# New mice from Amie and Jennifer!



## GibblyGiblets (Oct 2, 2011)

I did a trade with Amie Key and Jennifer Collmar yesterday afternoon, I'm not sure they are on here, but I'm sure someone knows them lol.

They Got some hairless from me and they got some Variegated. I'm just happy that my lines are getting spread around.

Now on to what I got =D

Be forewarned, some of these pictures such lol, my camera hated me yesterday.

I got these from Amie

A merle pair.

The male is an extreme black merle
This picture does him no justice at all of how awesome he is.









His name is General Iroh and he's a big squish.

His future mate, is a pied merle, she is absolutely gorgeous 

















I Also got two female manx mice, which I've been wanting for a very long time.

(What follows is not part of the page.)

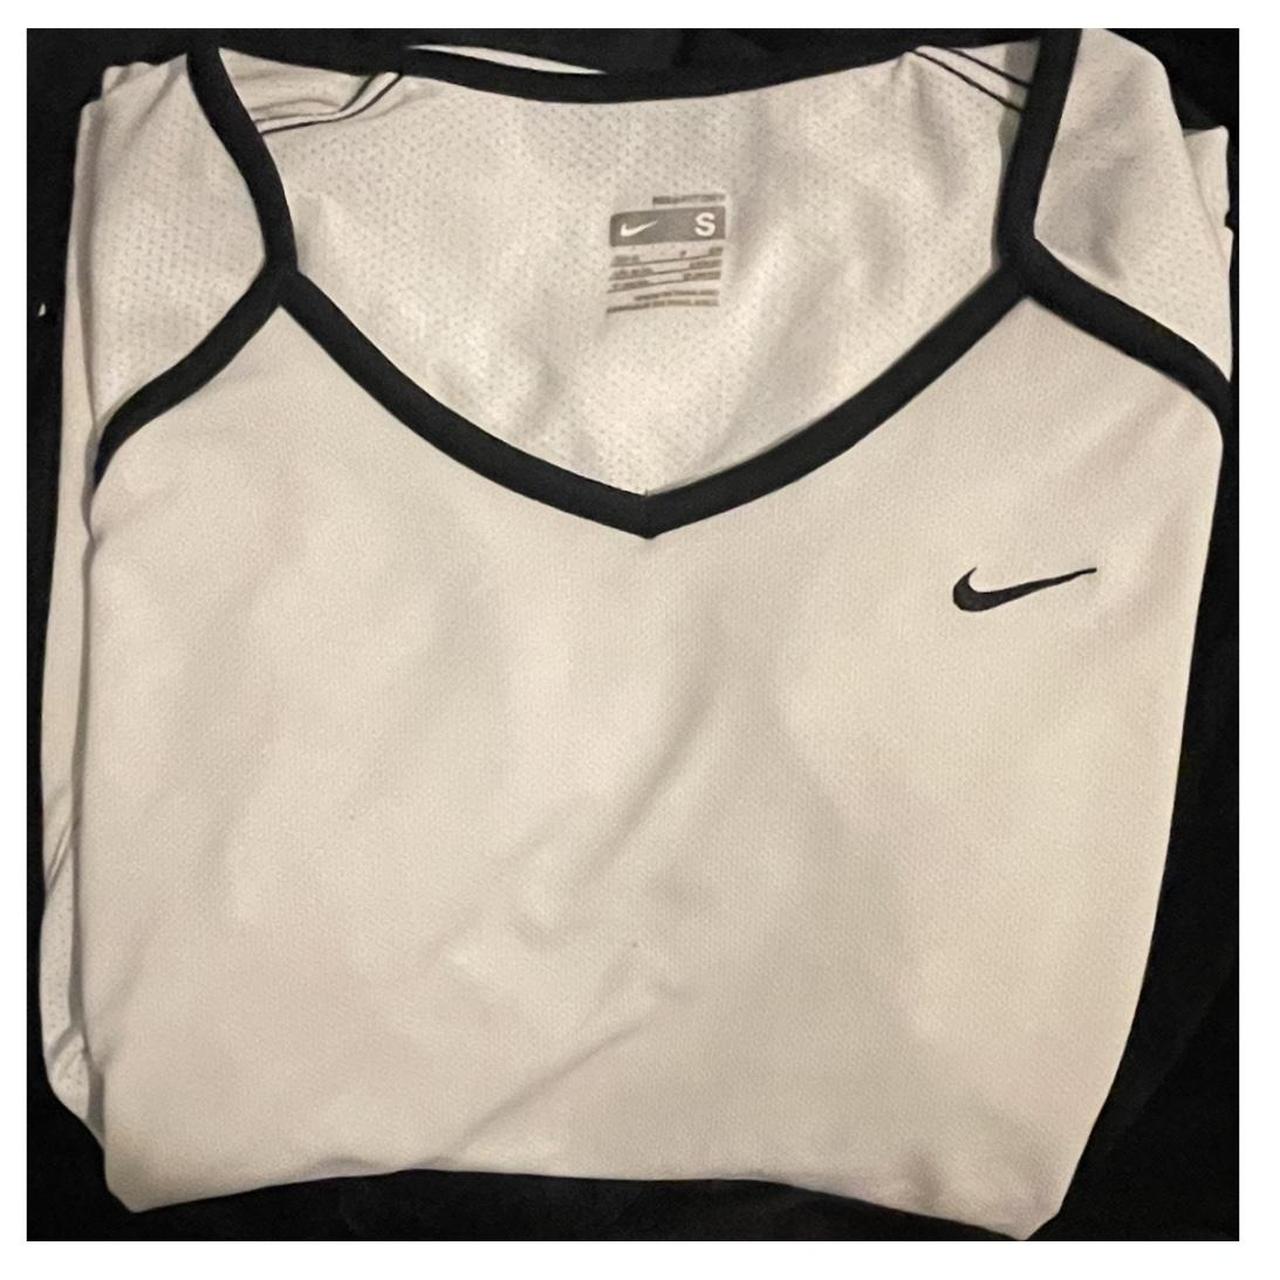 Nike tennis t shirt - Depop

One is Pink-eyed white the other is a blue tan.
The Blue tans name is Hamtara (kudos and a free interwebs if you can guess where the base of her name comes from)

I also got a trio of tricolors.

The male








He is poorly marked, but I can incorporate him into my own lines.

The females


























Believe it or not, they're only 4 weeks old! they're huge already, compared to my mice, anyway.

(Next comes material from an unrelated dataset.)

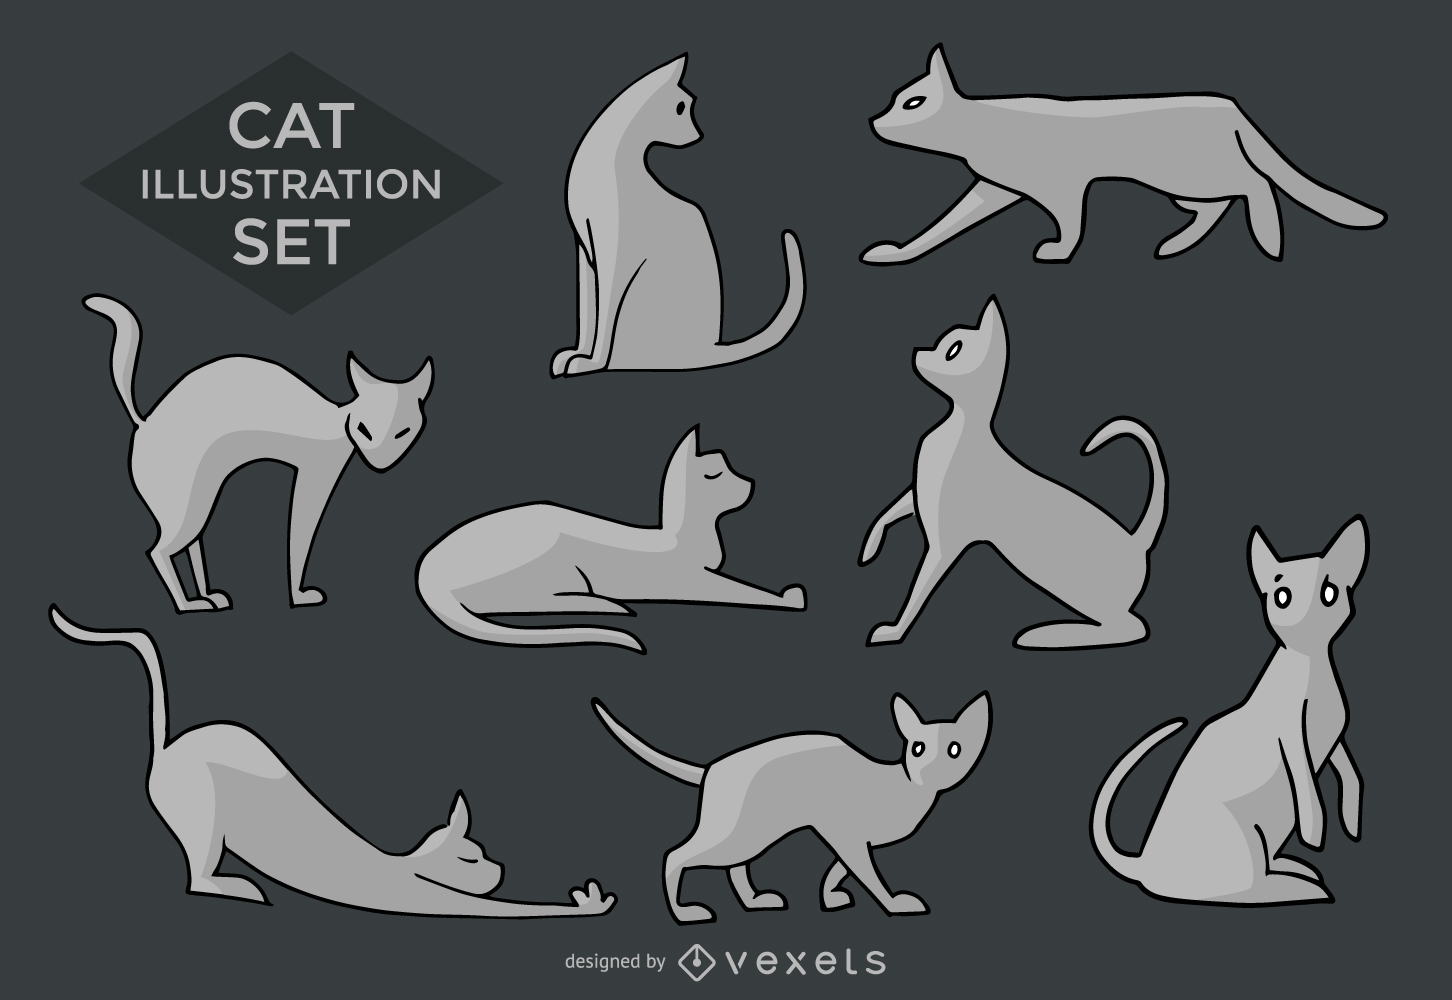 Siluetas e ilustraciones de gatos

Then I got a blue pied female, she's marked like a berkshire rat, with white paws, tail tip and white on her chest and belly.
She is only about 5/6 weeks old I think, huge!









Her name is Berk lol.

I got these from Jennifer!

I got this little girl, I've always wanted an extreme black.
she's only just weaned off her mom, at 4 weeks old.

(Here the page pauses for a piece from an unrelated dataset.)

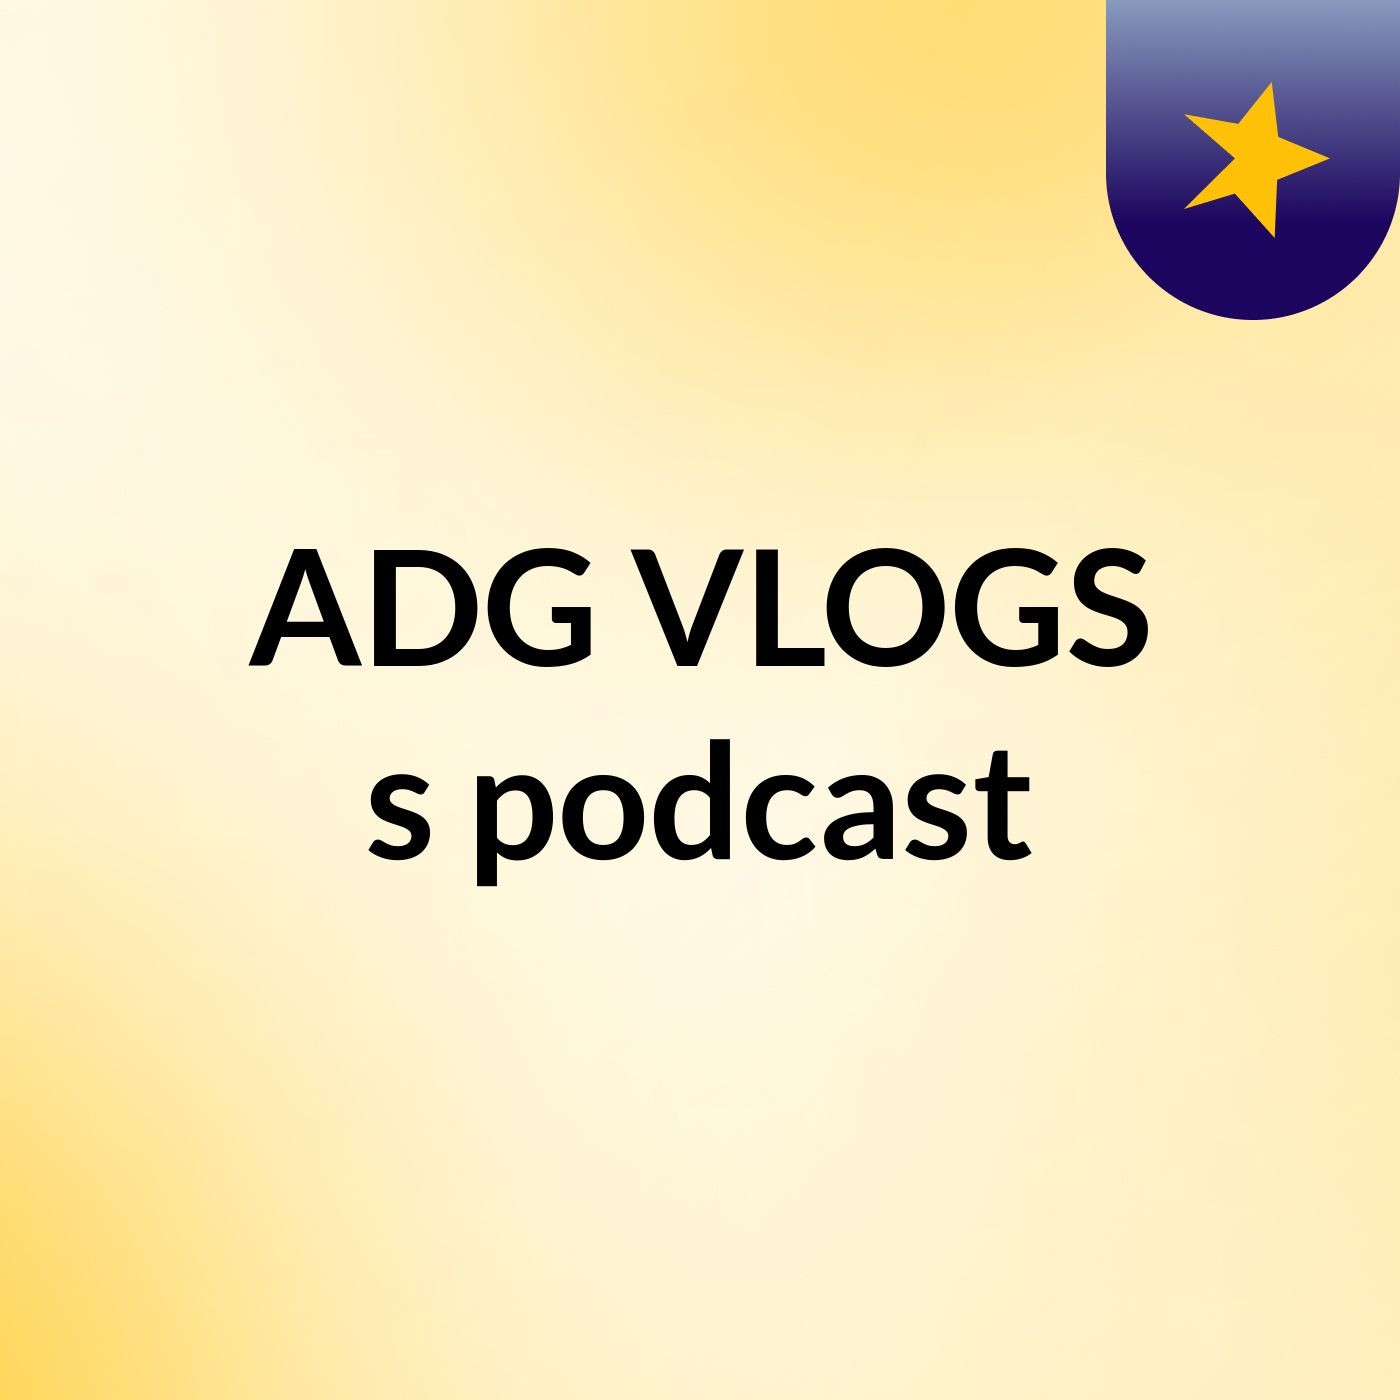 ADG VLOGS's podcast

She'll have a super long tail when she's grown, it's already really long though!.

And I got this girl, she's a long haired tricolor.








She'll help me get started on my long-haired tricolor project, since I recently got a surprise long haired tricolor male in a litter lol.


----------



## SarahC (Oct 3, 2008)

love them all.


----------



## mich (Sep 28, 2013)

Very nice. Love to own one, or two, or three!☆☆  :lol: :roll:


----------



## Meecer (May 25, 2014)

Very cute mice 

I have no idea on Hamtara, but I know Hamtoro the cute little hamster show


----------



## FranticFur (Apr 17, 2014)

They are all very lovely. I can't believe the length of that tail!


----------